The key is to only schedule appointments during the specific time period and stick to the category your suppose to be working on per the schedule. The blocks of time should be viewed as mandatory. If the time block arrives and you have no activities associated with it (i.e. repairs or showings) you can then decide what to do with the time block. I suggest using it for items that will make an impact on the future growth of your portfolio and not using it for the ‘urgent’ or routine.

3. Finding And Evaluating Deals Isn’t On Your Schedule.
You should be blocking 1-3 hours per week to find and analyze deals. This may seem silly because the best deals are off market and found at networking events. But if you make it a habit to look for and analyze deals during the week, you’ll be current on the market, evaluations will seem routine and it will be easier for you to do it quickly when a deal is in front of your face.

4. No One Knows You’re Looking To Buy.
One of the biggest ways to self sabotage expansion is to not tell people that you were looking to buy. Telling other investors that you’re looking to make a purchase is the most effective way to find out what’s available. When an investor asks you ‘what you’re up to’ or ‘how it’s going’ your first instinct should be to tell them what you’re looking for. If no one knows you’re looking, how are they going to know to tell you when they find something? Don’t assume everyone knows your looking to buy just because they know you invest.
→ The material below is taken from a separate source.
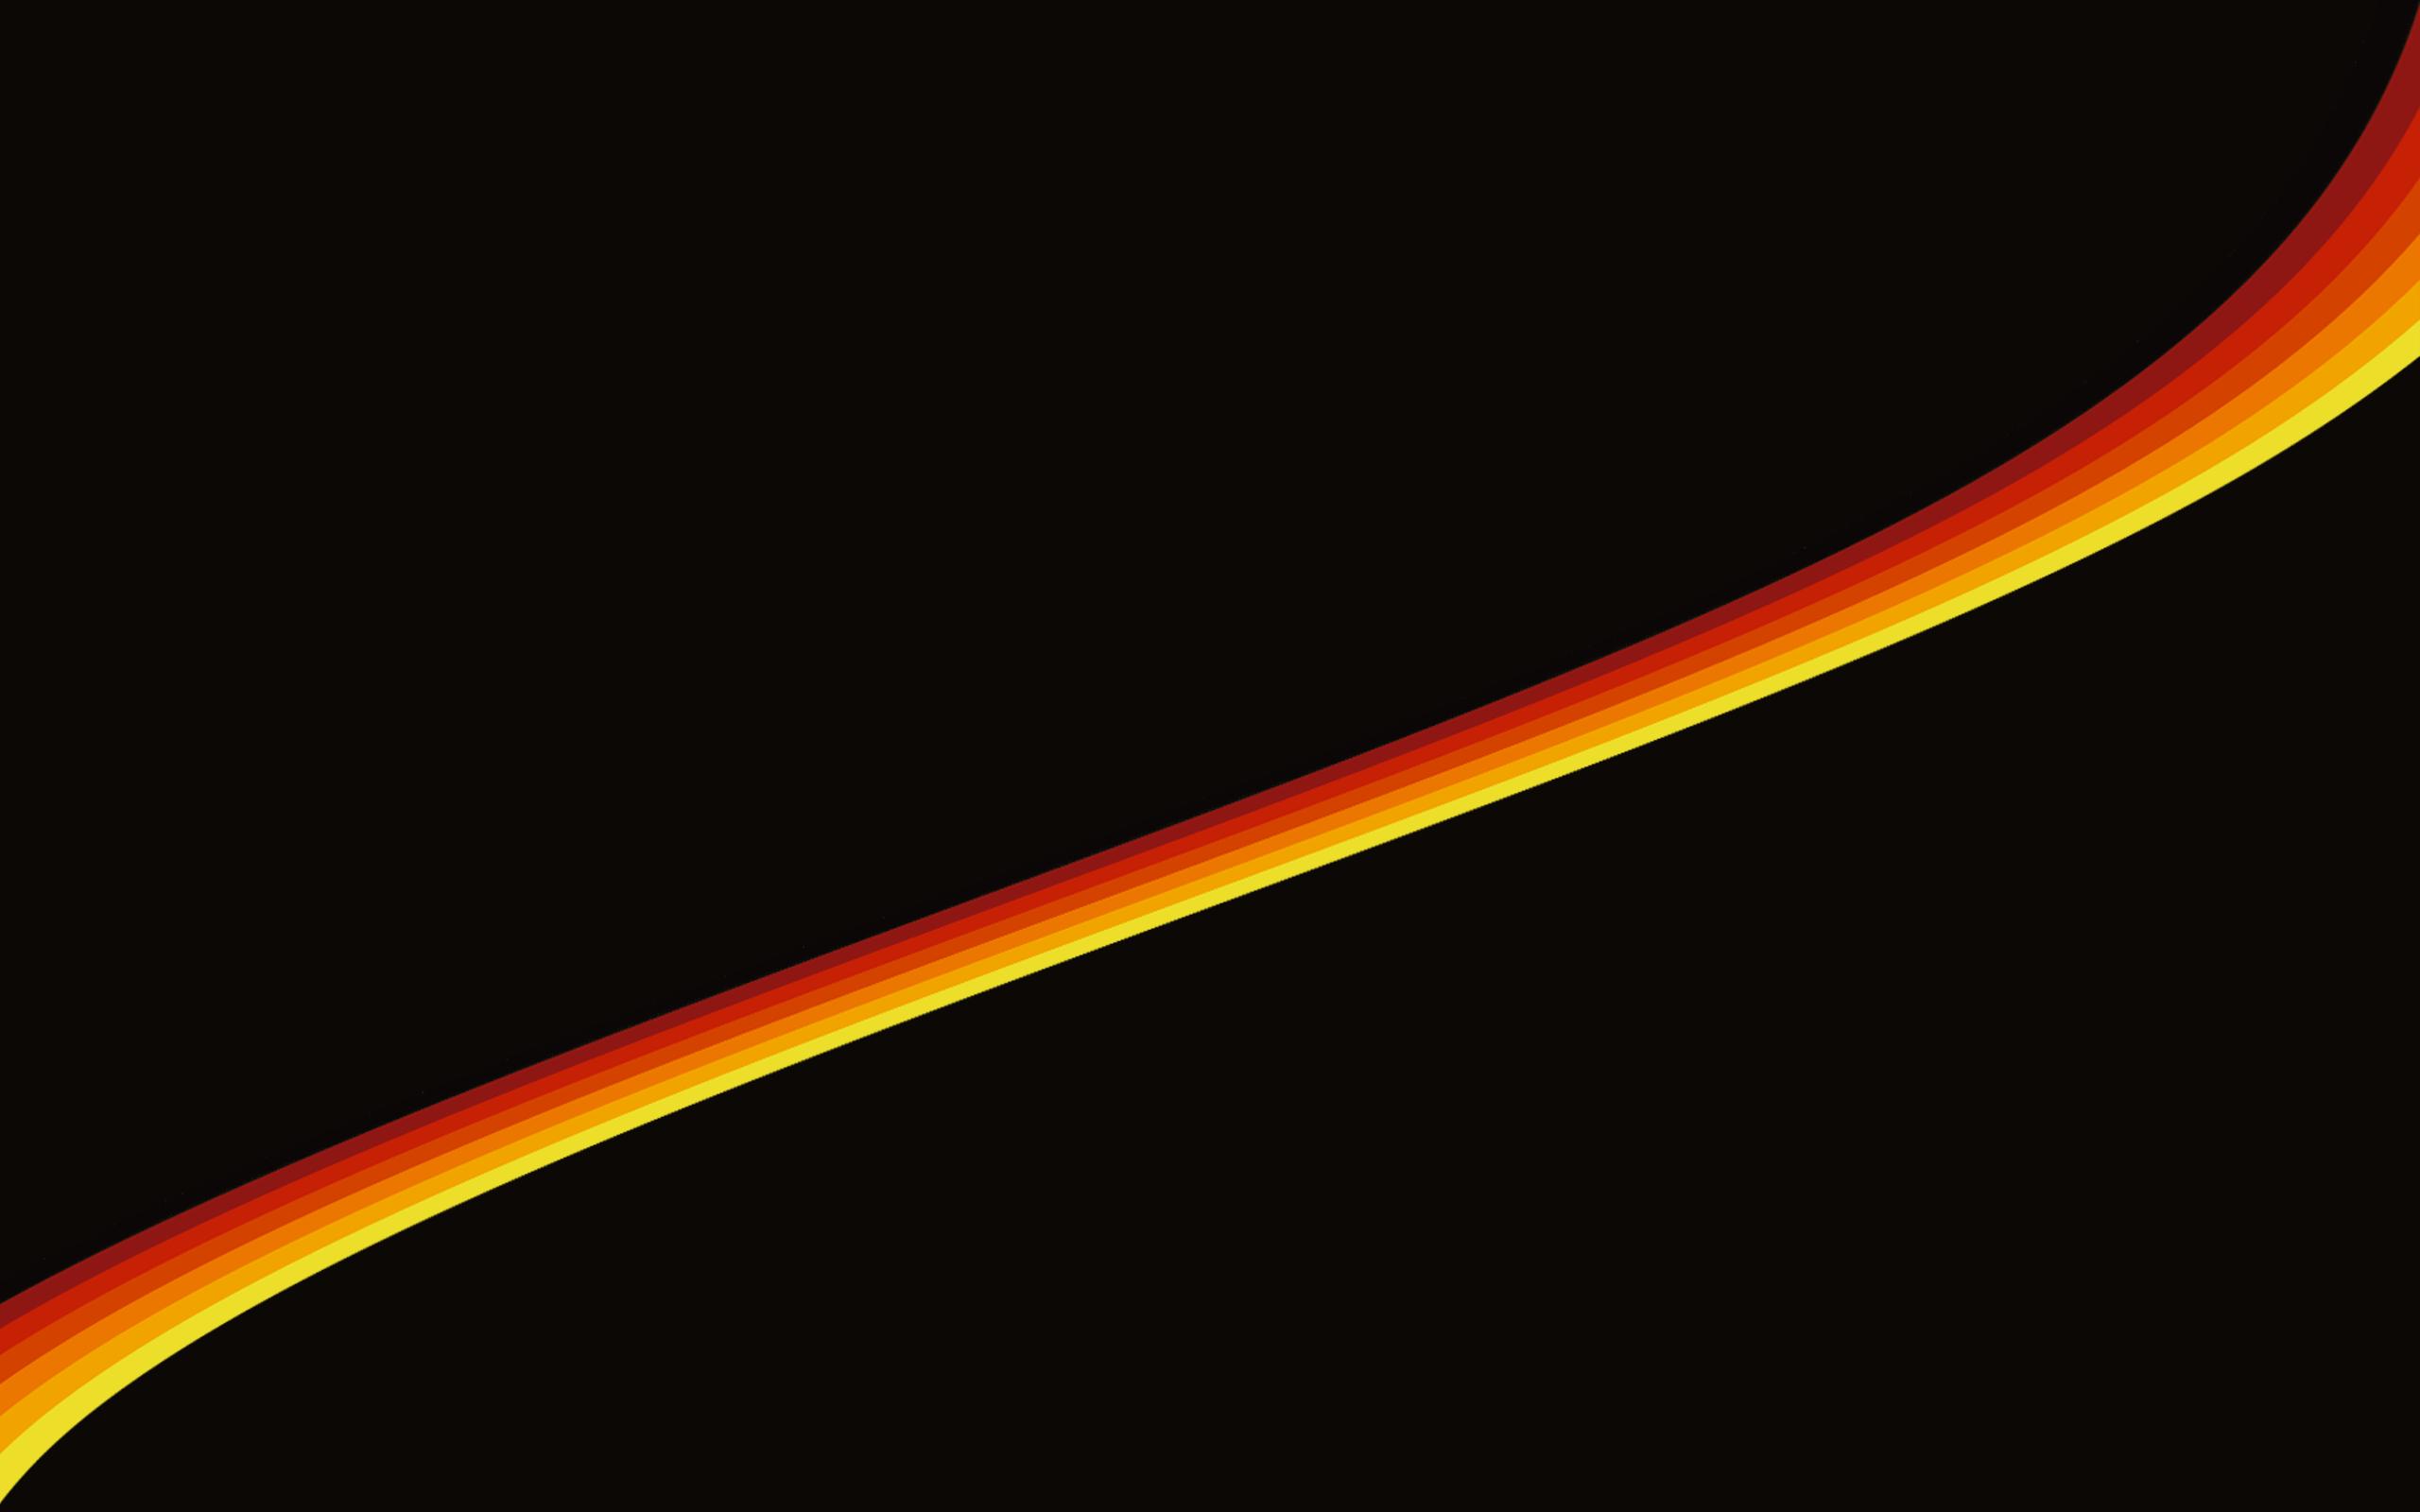 yellow orange ribbon diagonally black background

5. You Aren’t Networking Enough.
In the digital age networking is more than just going to in person events. In-person events are where you will get the best connections but they aren’t the only piece of the puzzle. By being part of digital networking groups on Facebook, Bigger Pockets or others opens yourself up to the possibility of getting deals or working with people who do not live in your state. Chances are you won’t meet them at a local meeting. If you aren’t where they are, they won’t be able to find you, and you won’t be able to do business with them.

Stop sabotaging your own expansion. Implement these tips, stick to them and you will see how expanding your portfolio is quicker than you think it is.